Prince was born into a culture in which chicken played an essential role, stemming from an era when poultry was the only livestock slaves could own.
“Often called the preacher’s bird or the gospel fowl, echoing its sacred role among West Africans, slaves and their descendants laid the foundation for America’s love with the chicken that is now spreading around the world,” historian Andrew Lawler wrote in his 2014 book, “Why Did the Chicken Cross the World? The Epic Saga of the Bird That Powers Civilization.”
Girlfriend X provided the entrepreneurial Prince with an exciting new way to enjoy the common chicken dinner.
“Nashville hot chicken needs two things. Great Southern fried chicken and it needs to be dunked in hot melted spice,” Brian Morris, executive chef of Hattie B’s Hot Chicken, said in a promotional video for the 11-year-old Nashville chicken chain.
He calls it a “whirlpool of love with a touch of heat.”
The basic formula is the same at every hot-chicken hotspot. But the spice mixture can vary dramatically from location to location — and to create different levels of heat.
“Nashville hot chicken needs two things. Great Southern fried chicken and it needs to be dunked in hot melted spice” — Chef Brian Morris, Hattie B’s
“The Prince recipe we hold closely to death,” said great-grandniece Kim Prince, who still speaks with her Tennessee accent despite living and working in Los Angeles, where she serves the family’s original recipe under the name Hotville Chicken.
“We’ve always wanted to tell the story,” she added, “in our own Prince family twang.”
Nashville hot chicken ‘ours and ours alone’
The story of Nashville hot chicken was, for at least a half century, told only in that Prince family Tennessee twang — and known only in the black Nashville neighborhoods served by the BBQ Chicken Shack as it moved from location to location.
Nashville hot chicken’s dramatic rise as a national phenomenon has unfolded suddenly here in the 21st century — perhaps not coincidentally with Nashville’s recent explosion as one of the fastest-growing cities in America.
The city’s population has grown more than 20% over the past decade, just as hot chicken gained national and now international prestige.
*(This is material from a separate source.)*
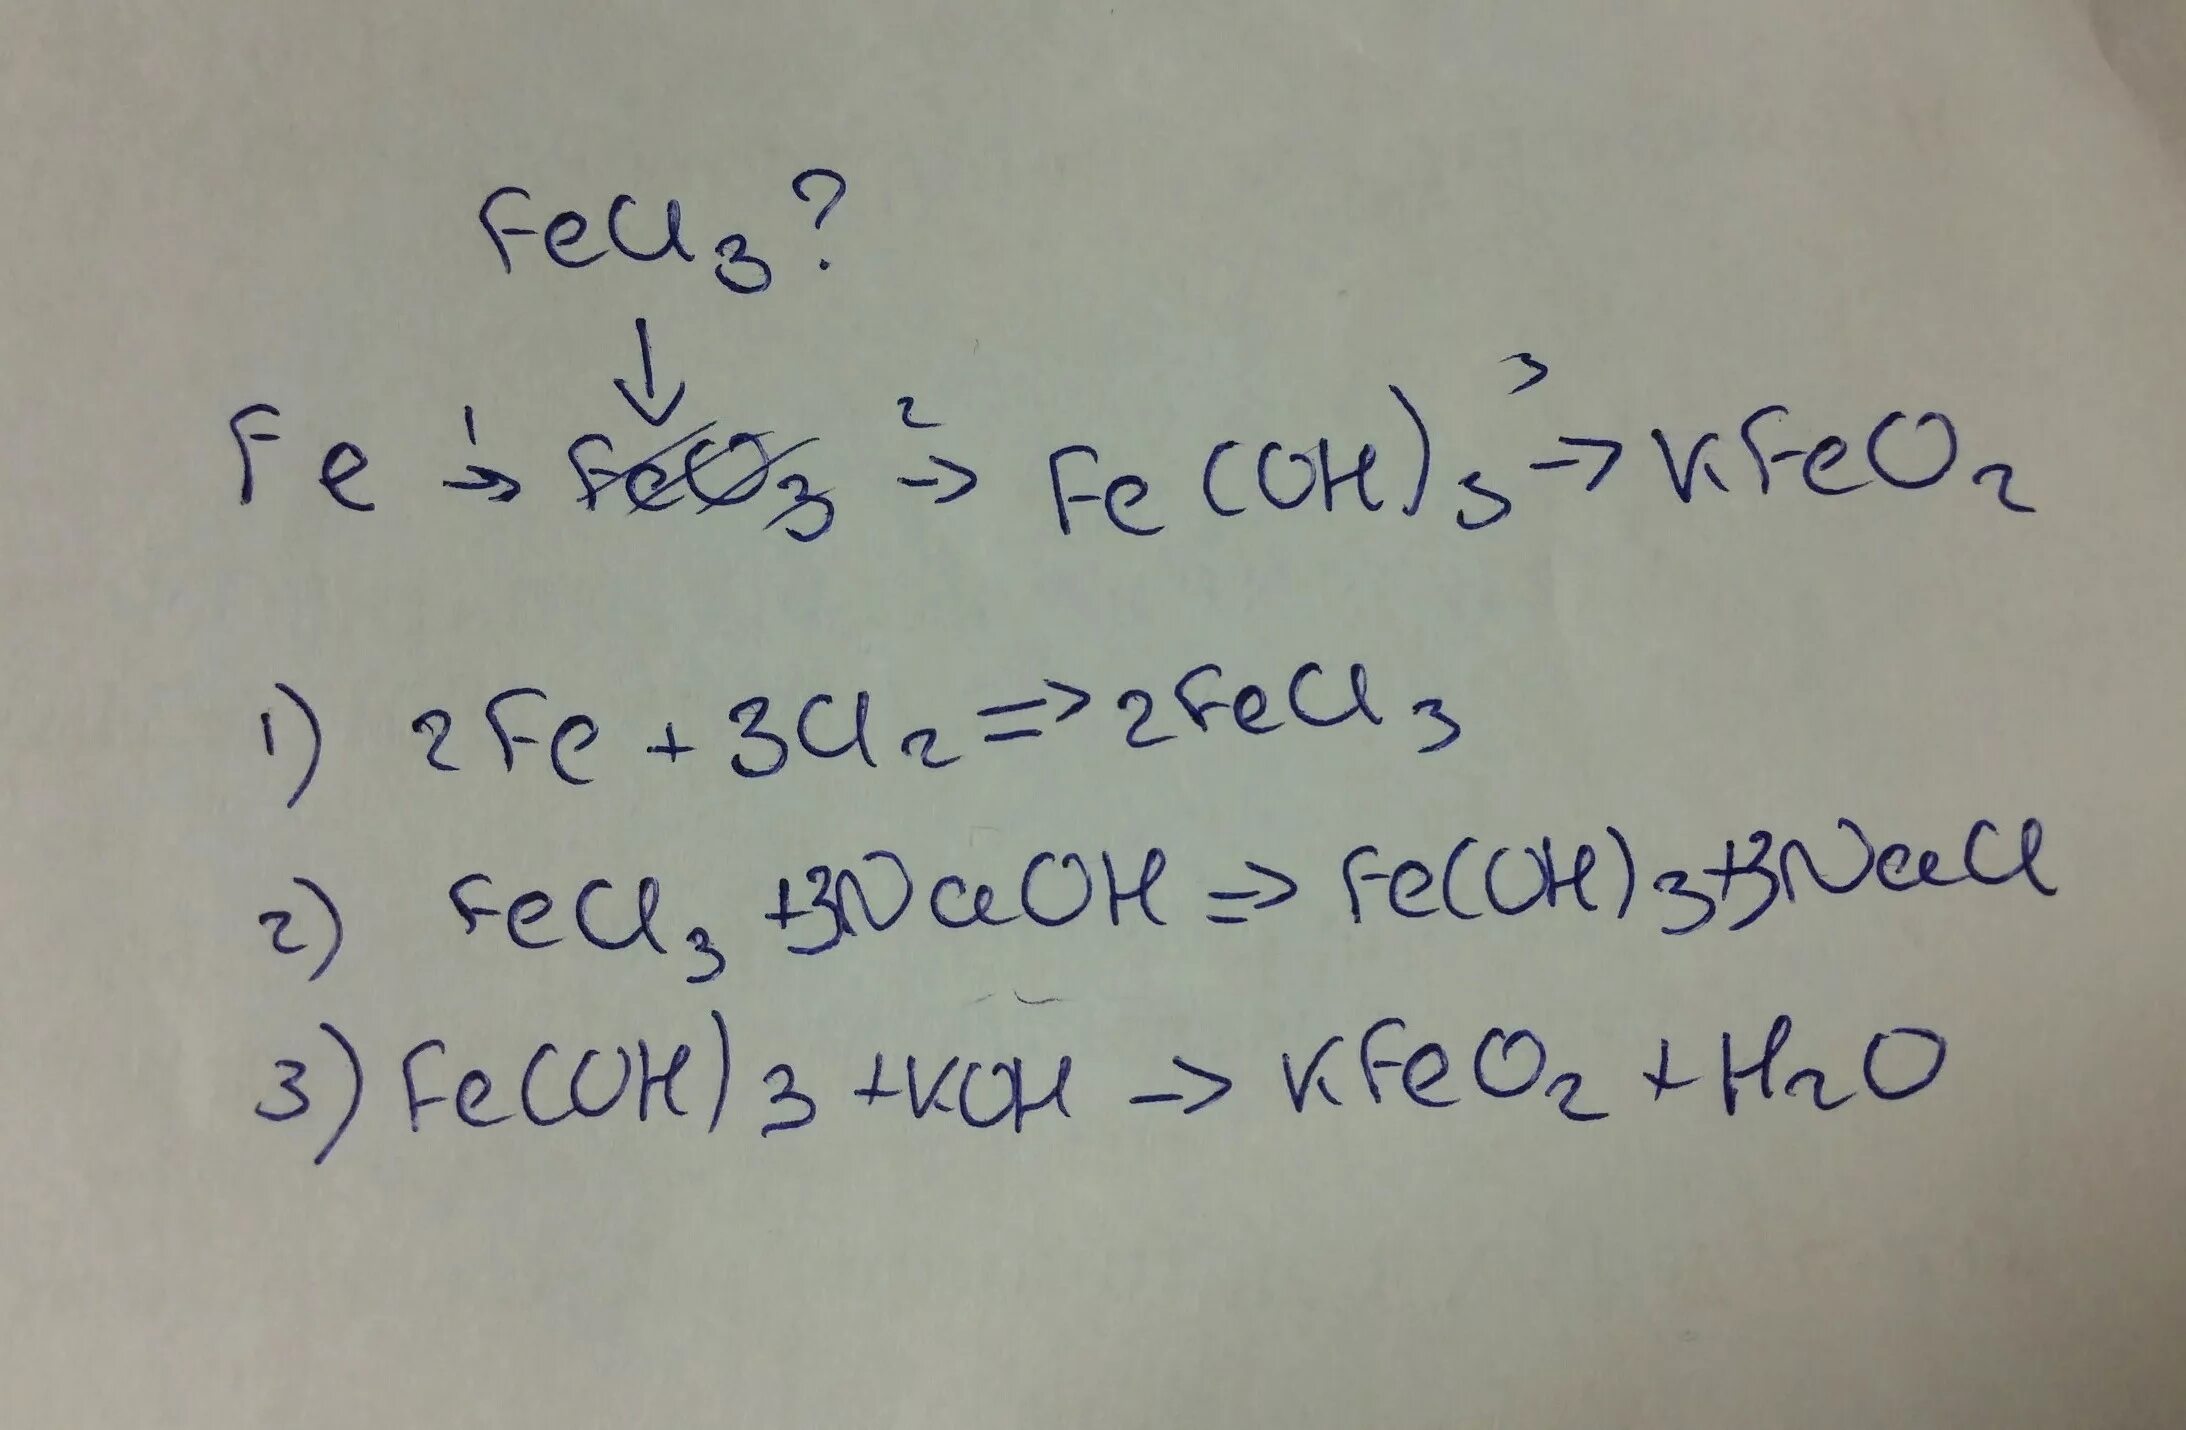 Fe feo hcl. Fe(Oh)3. Fe(Oh)3+feo. Fe + HCE-fece 3 + h 2. Fe Oh 3 kfeo2.

Author Martin witnessed the rise of Nashville hot chicken in the blink of an education.
The Nashville native left the sleepy Music City for college in 2006 — having never heard of its namesake piquant poultry.
She returned after graduate school in 2013 to a booming city filled with newcomers from across the country seeking mild winters and affordable prices and where, Martin said, “everybody was talking about hot chicken.”
Local poultry pundits credit its national ascension to the first Nashville Hot Chicken Festival, held in 2006.
A wave of glitzy new hot chicken eateries soon opened in its wake, often well-funded with marketing budgets the Prince family never had.
Hattie B’s opened in 2012 and now boasts six locations in and around Nashville and six more around the country, including Las Vegas.
Party Fowl opened in 2014 and has six locations, mostly in Tennessee.
“Please wash your hands before rubbing your eyes or your babies.” — Warning at Bolton’s Spicy Chicken and Fish
Hot chicken is now served at breakfast, lunch and dinner across Nashville, and has found its way onto the menu at sports bars and high-end dining spots.
Party Fowl offers hot chicken Cuban sandwiches, hot chicken tacos and hot chicken queso, among many other choices.
Bolton’s Spicy Chicken and Fish, a no-frills cinder-block hut in East Nashville, opened in the 1980s.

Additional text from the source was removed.